All that is needed is the lines from the one containing "Graceland 6-pc Sectional" through the end of the listing, printed exactly, with no pictures among them.

-- Source data follows --

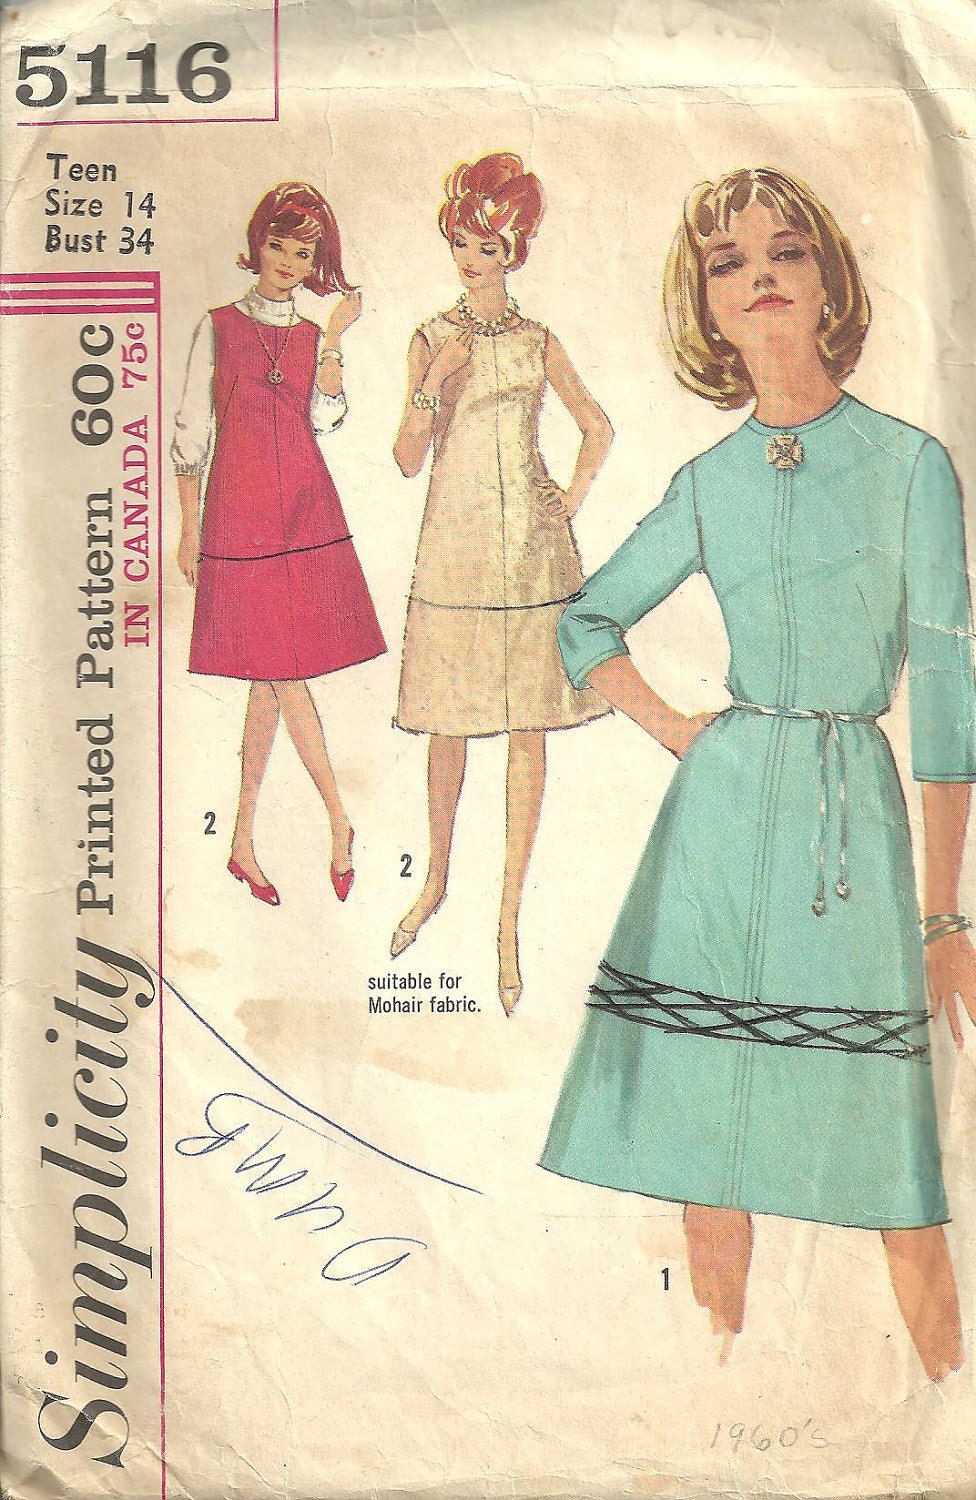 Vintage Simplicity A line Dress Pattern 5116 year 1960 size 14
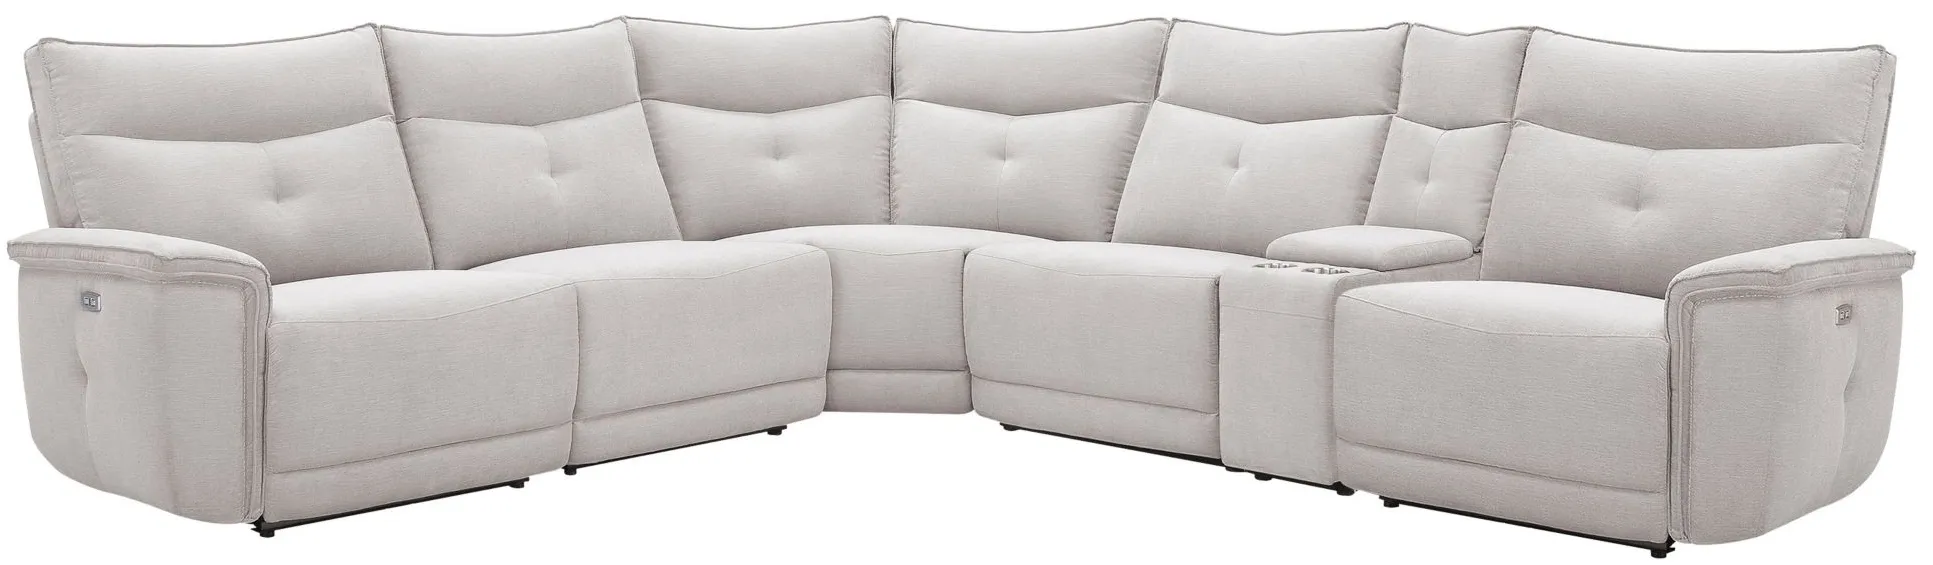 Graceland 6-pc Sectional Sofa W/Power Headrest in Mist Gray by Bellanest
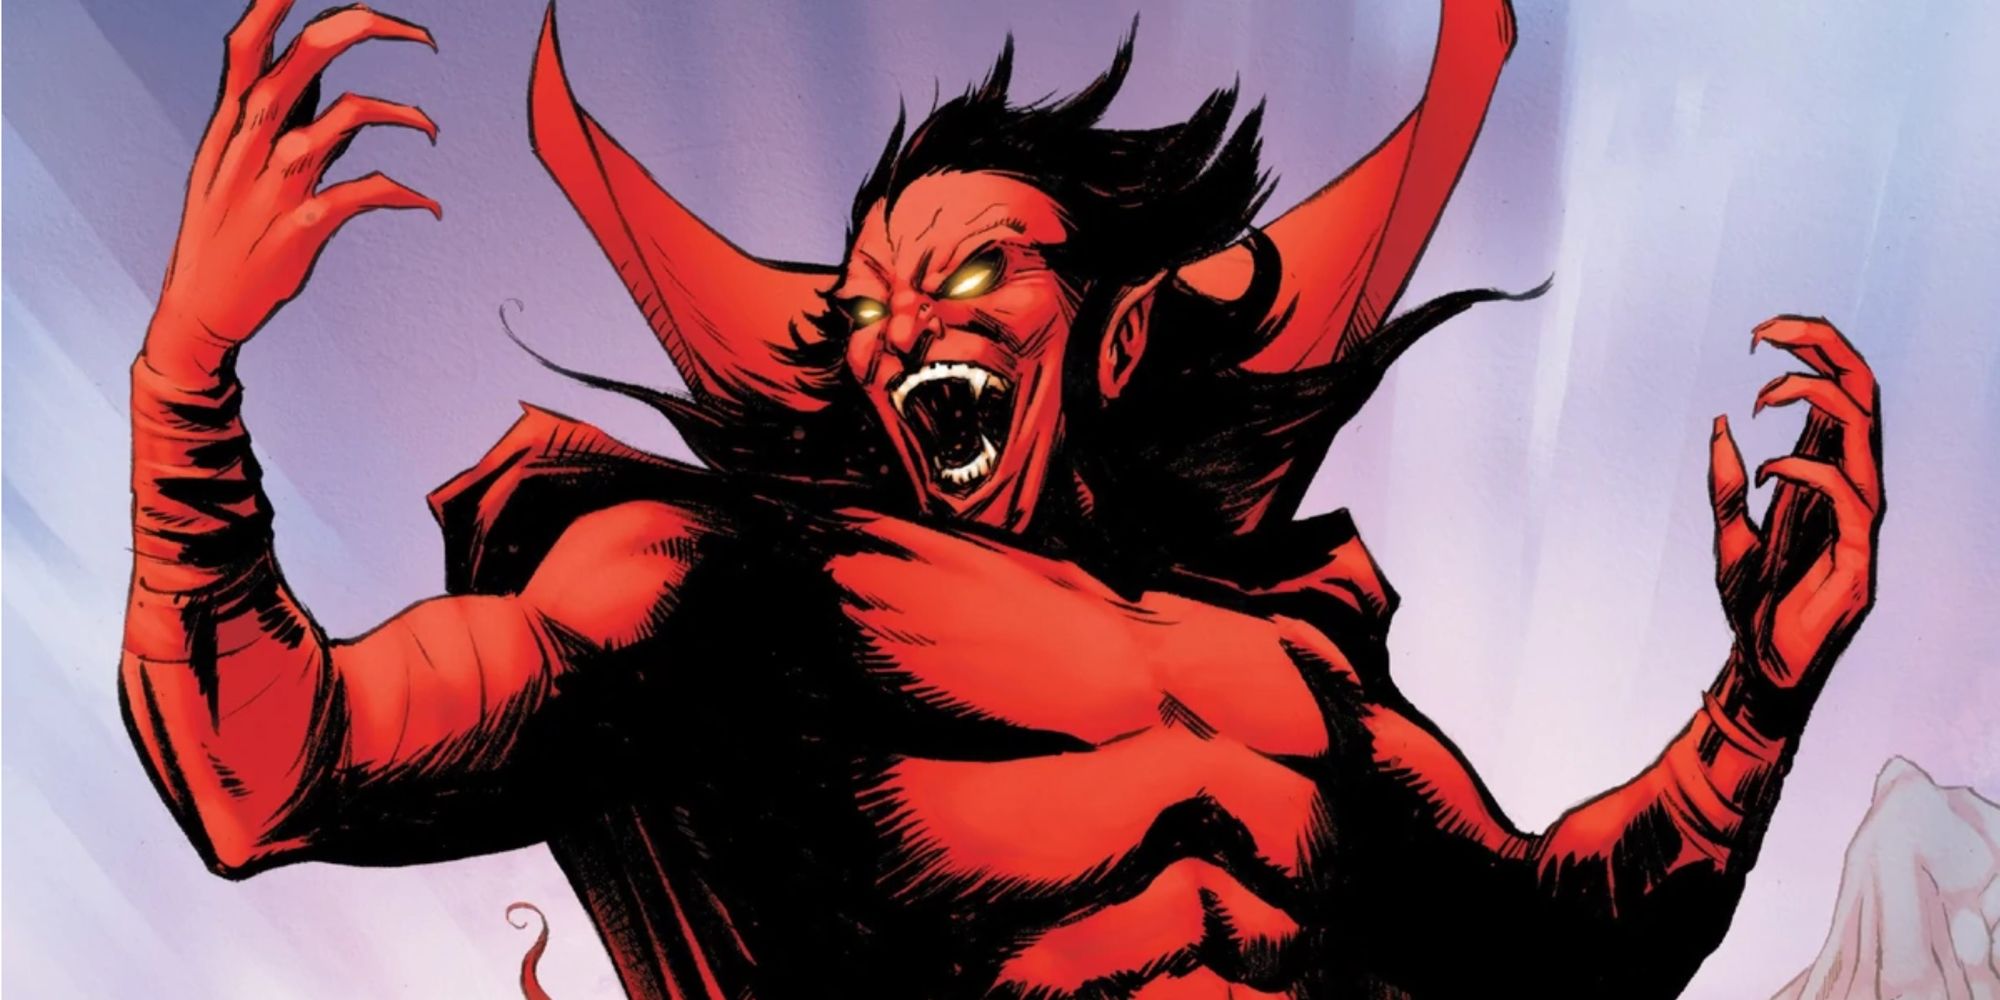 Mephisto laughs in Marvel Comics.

-- Source data concluded --

• Result:
 Graceland 6-pc Sectional Sofa W/Power Headrest in Mist Gray by Bellanest
 Mephisto laughs in Marvel Comics.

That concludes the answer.